A rare solitary fibrous tumor in the ischiorectal fossa: a case report

Kazuhiko Morikawa; Shinsuke Takenaga; Koichi Masuda; Asami Kano; Takao Igarashi; Hiroya Ojiri; Kaoru Ueda; Mamoru Ishiyama; Nei Fukasawa

doi:10.1186/s40792-018-0533-1

A rare solitary fibrous tumor in the ischiorectal fossa: a case report

Surg Case Rep. 2018 Oct 3;4(1):126. doi: 10.1186/s40792-018-0533-1.

Authors

Kazuhiko Morikawa¹, Shinsuke Takenaga², Koichi Masuda², Asami Kano², Takao Igarashi³, Hiroya Ojiri³, Kaoru Ueda⁴, Mamoru Ishiyama⁵, Nei Fukasawa⁶

Affiliations

¹ Department of Radiology, The Jikei University Katsushika Medical Center, 6-41-2, Aoto, Katsushika-ku, Tokyo, 125-8506, Japan. k.morikawa@jikei.ac.jp.
² Department of Radiology, The Jikei University Katsushika Medical Center, 6-41-2, Aoto, Katsushika-ku, Tokyo, 125-8506, Japan.
³ Department of Radiology, The Jikei University School of Medicine, 3-25-8, Nishi- Shimbashi, Minato-ku, Tokyo, 105-8461, Japan.
⁴ Department of Gastroenterology and Hepatology, The Jikei University Katsushika Medical Center, 6-41-2, Aoto, Katsushika-ku, Tokyo, 125-8506, Japan.
⁵ Department of Surgery, The Jikei University Katsushika Medical Center, 6-41-2, Aoto, Katsushika-ku, Tokyo, 125-8506, Japan.
⁶ Department of Pathology, The Jikei University Katsushika Medical Center, 6-41-2, Aoto, Katsushika-ku, Tokyo, 125-8506, Japan.

Abstract

Background: A solitary fibrous tumor (SFT) is a rare mesenchymal tumor that occurs mostly in pleural sites, and an SFT occurring in the ischiorectal fossa is extremely rare. Because of the rarity, there are few reports detailing an SFT in the ischiorectal fossa.

Case presentation: A pararectal tumor was incidentally found in a 42-year-old man during a routine medical examination. The patient had no symptoms and no previous medical history.
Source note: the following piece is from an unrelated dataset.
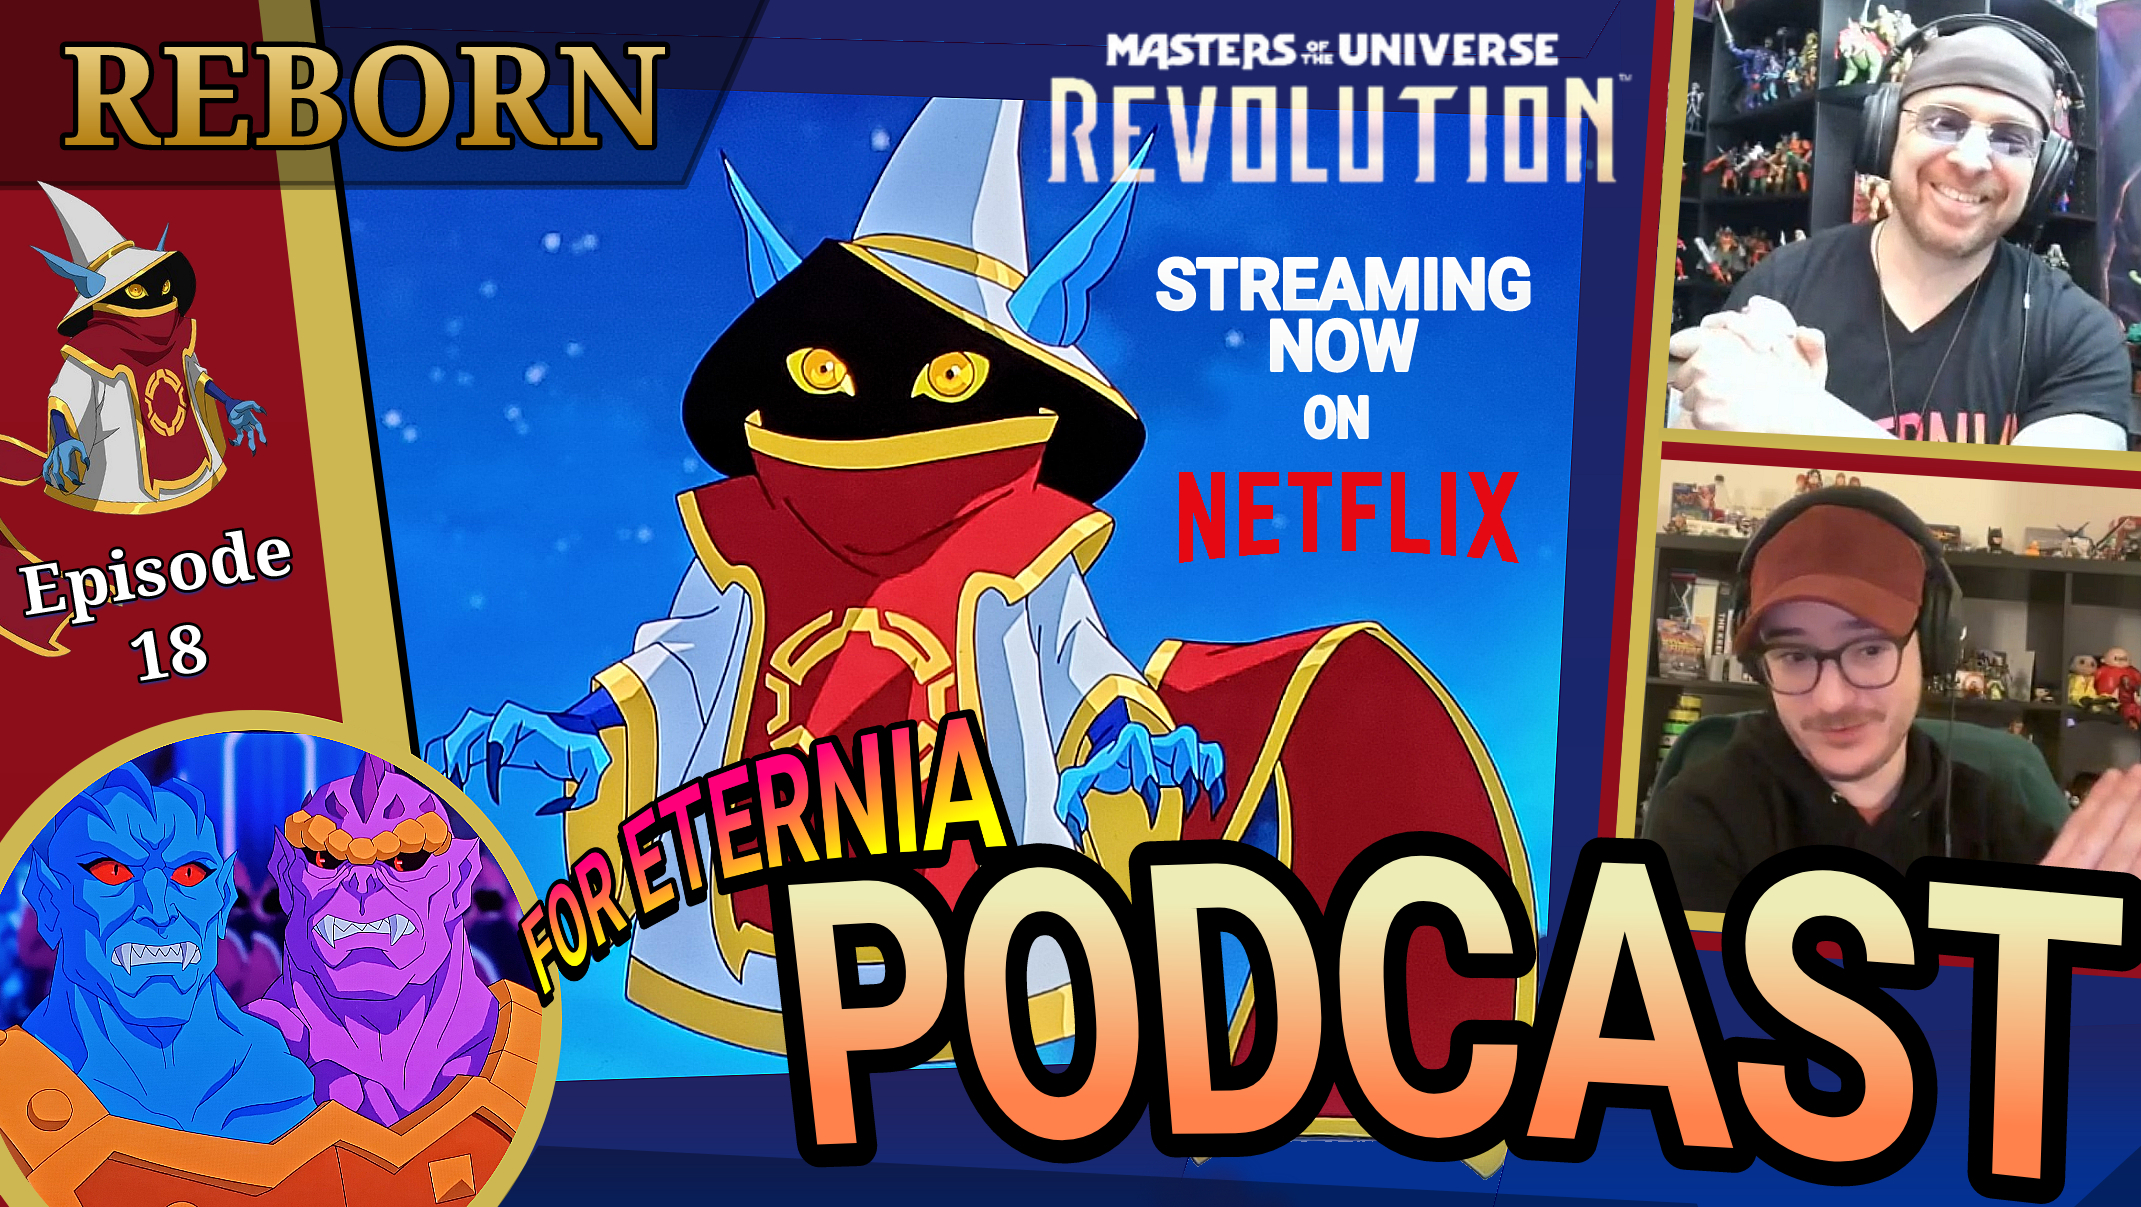 REBORN! Talking the New ”Masters of the Universe: Revolution” Series and more with Orko star Griffin Newman
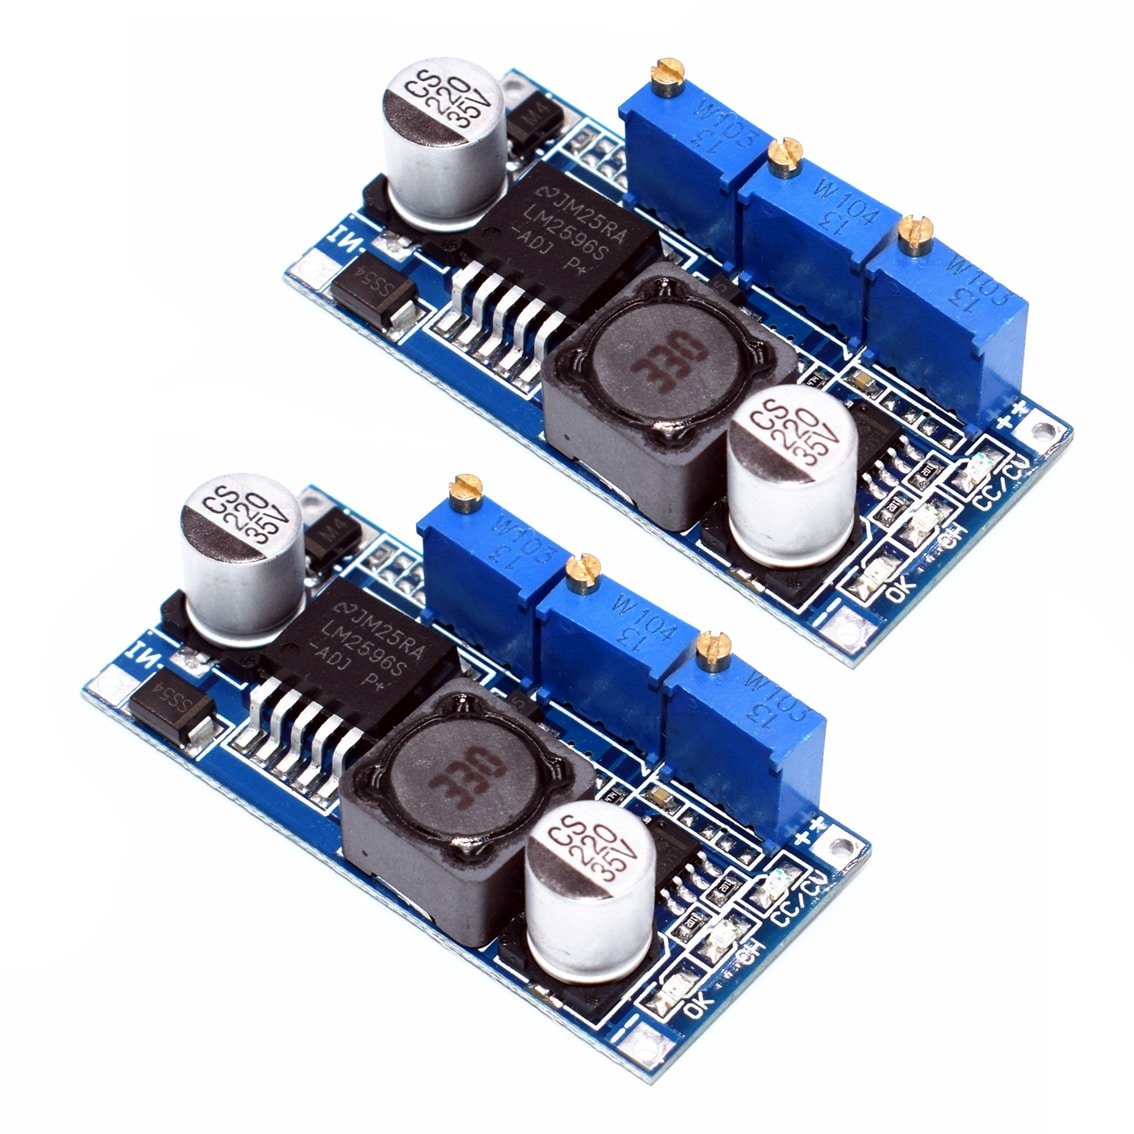 10 Pack LM2596 LED Constant Current & Constant Voltage Driver Power Supply Module

In the physical examination, a smooth-margined and hard elastic mass was felt, and in a digital rectal examination, the rectal mucosa appeared normal. A computed tomography (CT) scan showed a 5-cm, well-defined, solid mass in the left ischiorectal fossa. Contrast-enhanced CT in the early phase showed intense heterogeneous enhancement that persisted during the delayed phase. T2-weighted images of magnetic resonance imaging yielded heterogeneous intermediate and low signal intensity. Intense arterial enhancement suggested a hypervascular nature, and persistent delayed enhancement and low signal bands on T2-weighted images suggested a fibrous component of the mass. An SFT was suspected. Most SFTs are benign but have malignant potential. Our patient did not hope for surgery if the tumor was benign; therefore, an ultrasound-guided transperineal core needle biopsy was performed to decide on a treatment strategy. Microscopic examination showed tumor cells appearing as spindle and fibroblast-like cells within a collagenous stroma. Immunohistochemistry identified CD34 and vimentin, supporting the diagnosis of an SFT. The patient consented to excision of the mass. He was placed in a prone jackknife position, and the tumor was removed transperineally using a posterior approach (modified Kraske procedure). The levator ani muscle, external sphincter muscles, and rectum were not involved and separated from the tumor. The tumor was successfully resected en bloc with no complications. Five uneventful days post surgery, the patient was discharged. There was no local recurrence during the year following surgery.

Conclusion: Imaging findings reflect the tissue characterization such as hypervascularity and fibrous nature of SFTs. We have presented a rare case of an SFT in the ischiorectal fossa with useful imaging findings for diagnosis, treatment strategy, and successful surgical removal using a posterior approach.

Keywords: Biopsy; Hypervascular tumor; Ischiorectal fossa; Mesenchymal tumor; Pararectal tumor; Solitary fibrous tumor; Surgical excision.